Carnival Ecstasy hovering off Princess Cays, Eleuthera, tenders alongside. Princess Cays in background.

I put anchored in quotes, because the ship was actually "hovering," a computer controlling the bow and stern thrusters, rudder, and propellers to keep the ship in a fixed position and orientation. Their AIS transponder indicated "Under Way Using Engine." Before crossing their stern at less than a half mile, I called on the radio to ensure that they, indeed, would remain stationary until their scheduled departure at 17:00.

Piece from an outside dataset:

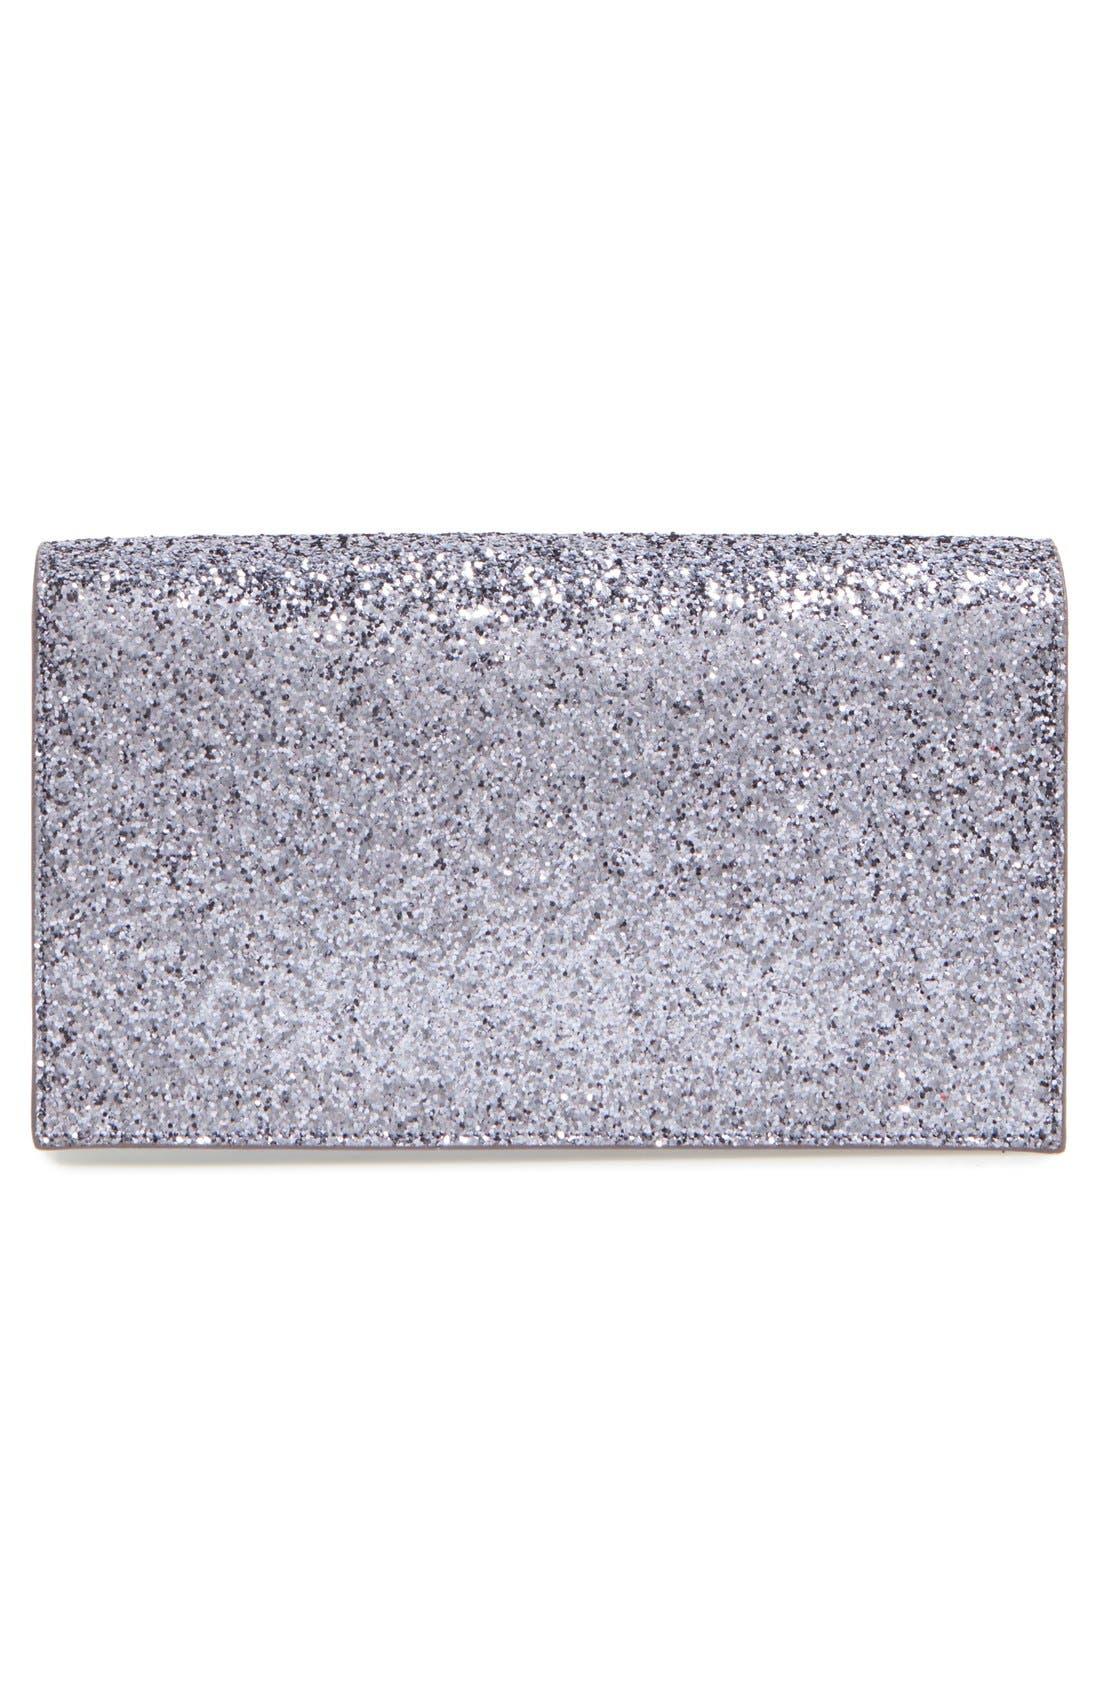 Alternate Image 3  - Saint Laurent 'Monogram Kate' Glitter Clutch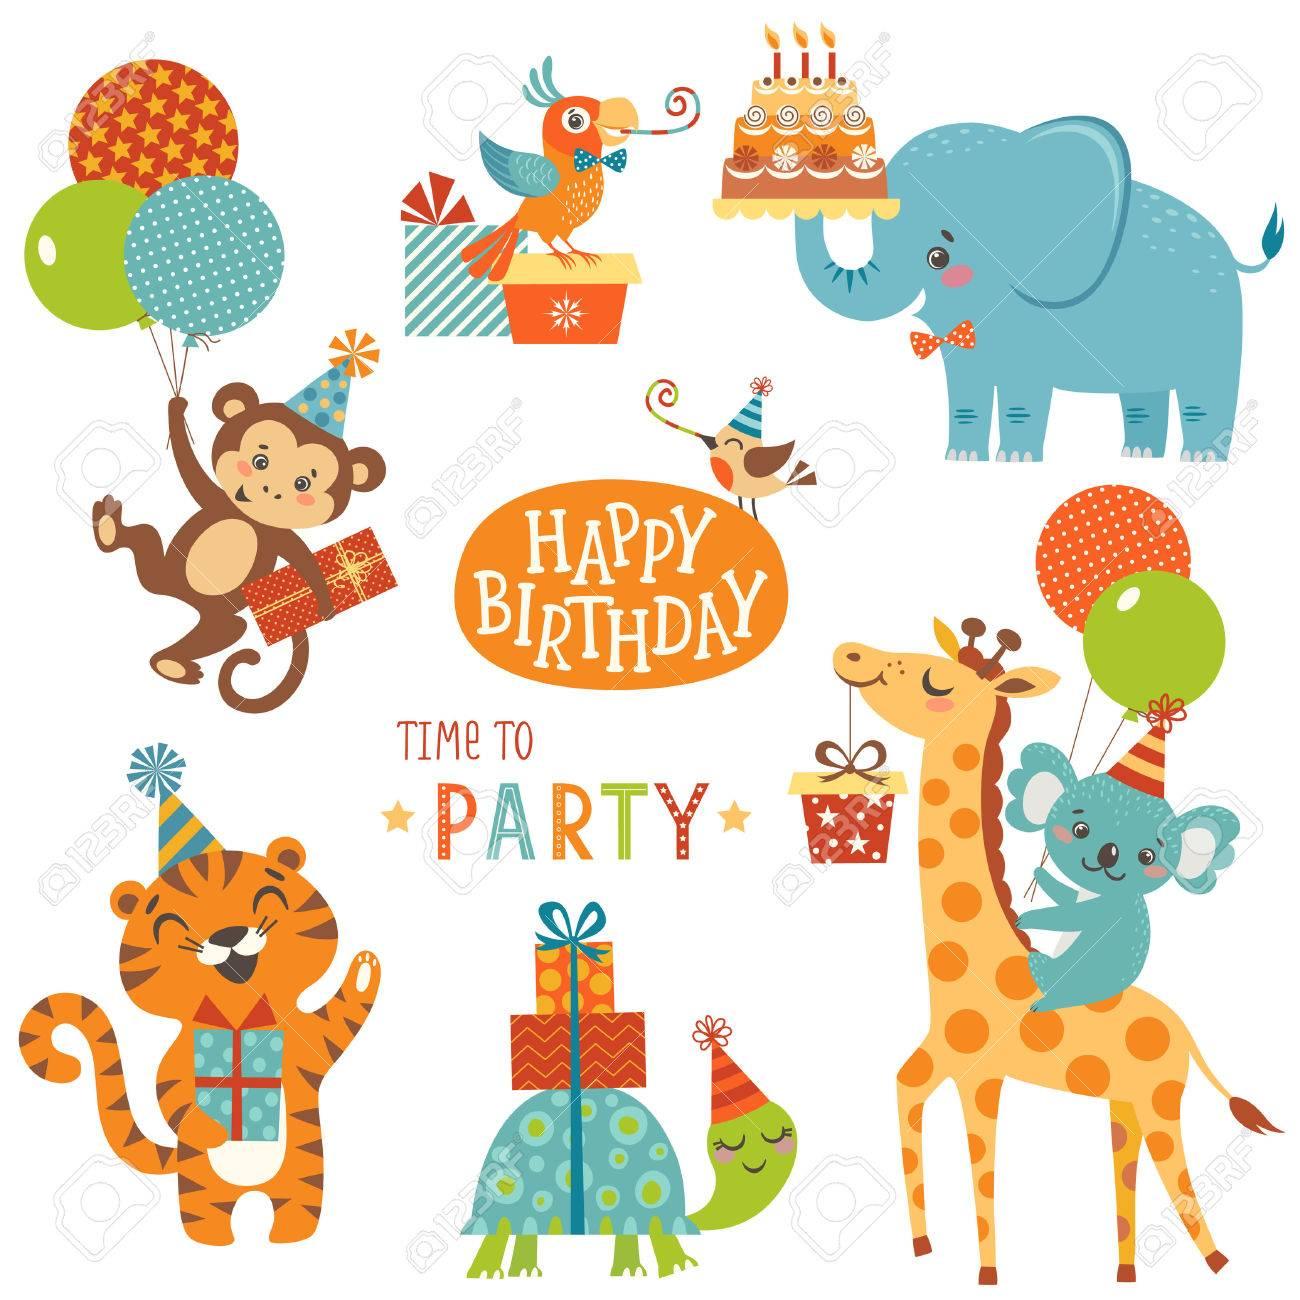 Set of cute animals for happy birthday design.

Update: We are now anchored, just inside the bight of Cape Eleuthera (map). This is our second attempt here; I snorkeled the anchor at our first spot and it was lying upside-down with just a tiny piece of one fluke hooked. The bottom here is minimal sand over rock, with coral everywhere. We moved to an area with more sand and less coral and have the main fluke at least dug in a few inches.

Tonight we will dinghy ashore to the Cape Eleuthera Marina and eat in the on-site restaurant, Pascals. Just in the nick of time; we used the last of our fresh lettuce last night, having to throw most of a head away. S/v Loose Seal has again joined us here; we seem to be running in parallel. In the morning we will head back across the Sound to the Exumas.


  1. I totally understand the concept of "island time." We've visited Treasure Cay on Abaco, The Bluff House on Green Turtle Key/Exuma, and Peace and Plenty on Exuma. I was pregnant with my son in 1985 when we stayed at Peace and Plenty. On St. Patrick's Day, the owner asked the cook to make green linguine with shrimp. She didn't know she could buy spinach pasta so she added green food color to the water when she cooked it. I have some wonderful memories of the people who worked there.

    1. Ha! Green food coloring. That's so funny, Katie!